I have a homework question, the subject matter of which the class I'm in has covered terribly:
"Given a group $A$, which has an order of $4$ and has an element of order $4$, prove that $A$ is isomorphic to $\Bbb{Z}_{4}$. "
I feel like this question should be easy, so I am also wondering if there are any resources which will help me sharpen my theoretical math skills.
edit: I have since realized that what I was asking was more specifically, how to begin the problem.

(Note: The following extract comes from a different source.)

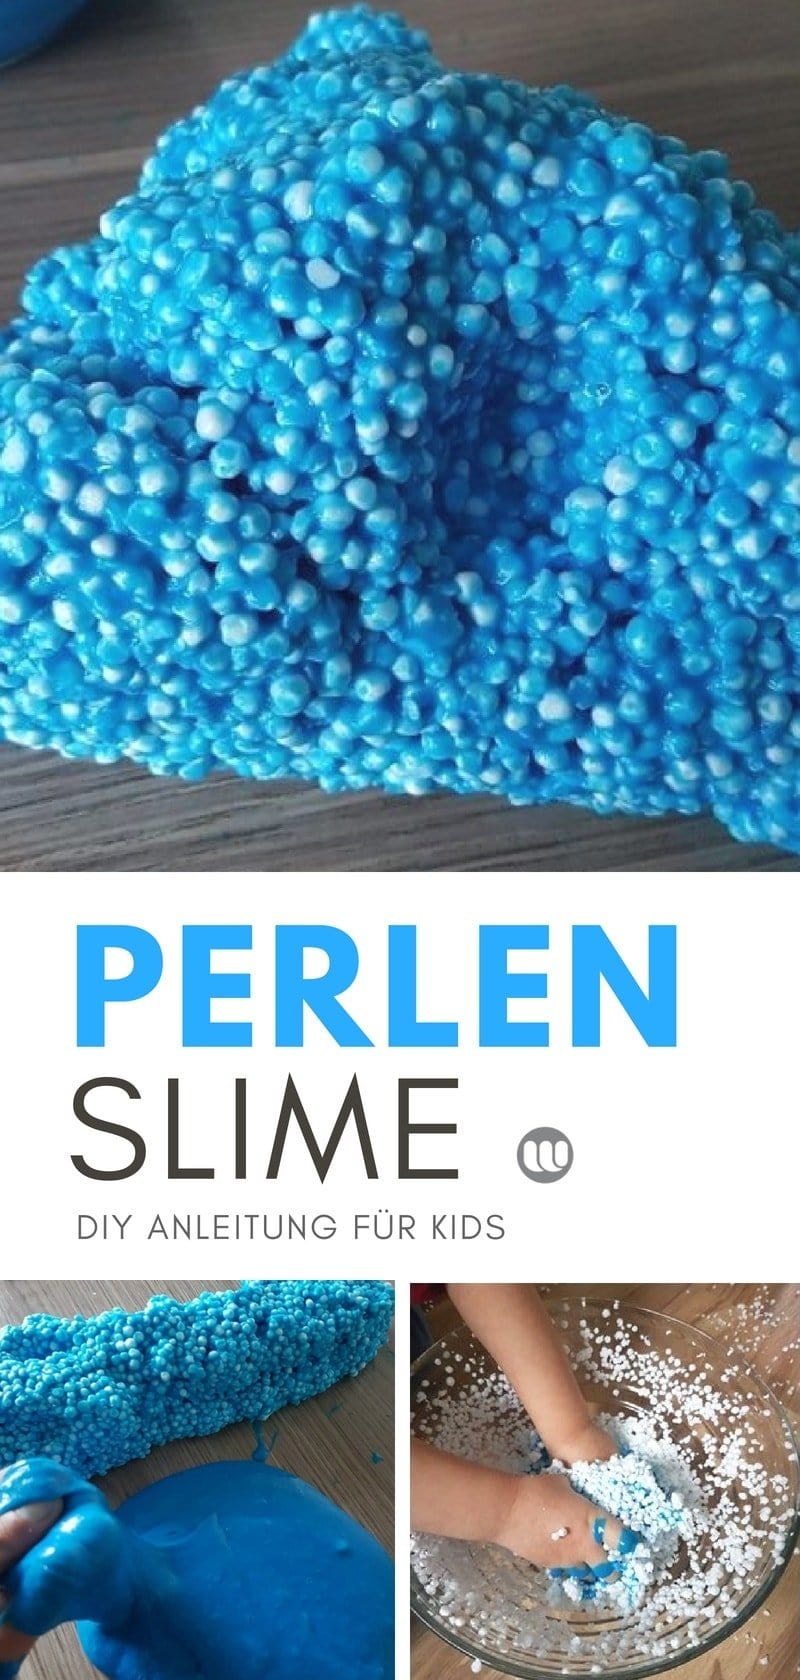 DIY Wolkenschleim: Perlen Slime Anleitung

Intuitively, I knew that $|A| = | \Bbb{Z}_{4} |$ , but in order to proceed with the problem I needed clues as to what the set $G$ looks like, namely $G = \{ e=1= a^{4}, a^{1}, a^{2}, a^{3} \} $ under multiplication $mod$ $a^{4}$.
The key idea is that if a group $A$ of order $4$ has an element $a$ of order 4, then we know that $a$ generates $A$, i.e., then $$A= \langle a \rangle = \{a^0, a^1, a^2, a^3\}.$$
In other words, $A$ is cyclic, such that $a^4 = a^0, a^5 = a^1,$ etc.
And all cyclic groups of order $4$ are isomorphic to the group $\mathbb Z_4$ under addition, mod $4$.
There are exactly two groups of order $4$, up to isomorphism:
The Klein-4 group: $\{e, a, b, c\}$ such that $ab = c, ac = b$, and $bc = a$, and in which all elements $a, b, c$ are of order two: $a^2 = b^2 = c^2 = e.$
$\mathbb Z_4 = \{0, 1, 2, 3\}$ under addition, modulo 4. This group has one element of order 1, which is $0$, the identity, one element of order $2$ which happens to be $2$, and two elements of order $4$: $1, 3$. Note $\mathbb Z_4$ is a cyclic group of order $4$ which is generated by either $1$ or $3$. Since the group operation is addition, modulo $4$, $\{a^0, a^1, a^2, a^3\}$, when using the generator $a = 1$, can be written: $$\{o\cdot 1, 1\cdot 1, 2\cdot 1, 3\cdot 1\} = \{0, 1, 2, 3\}$$
Since you are given that $A$ has at least one element of order $4$, $A$ cannot be isomorphic the the Klein-4 group, in which, except for the identity e, all elements are of order 2. That leaves us to conclude that $A \cong \mathbb Z_4$.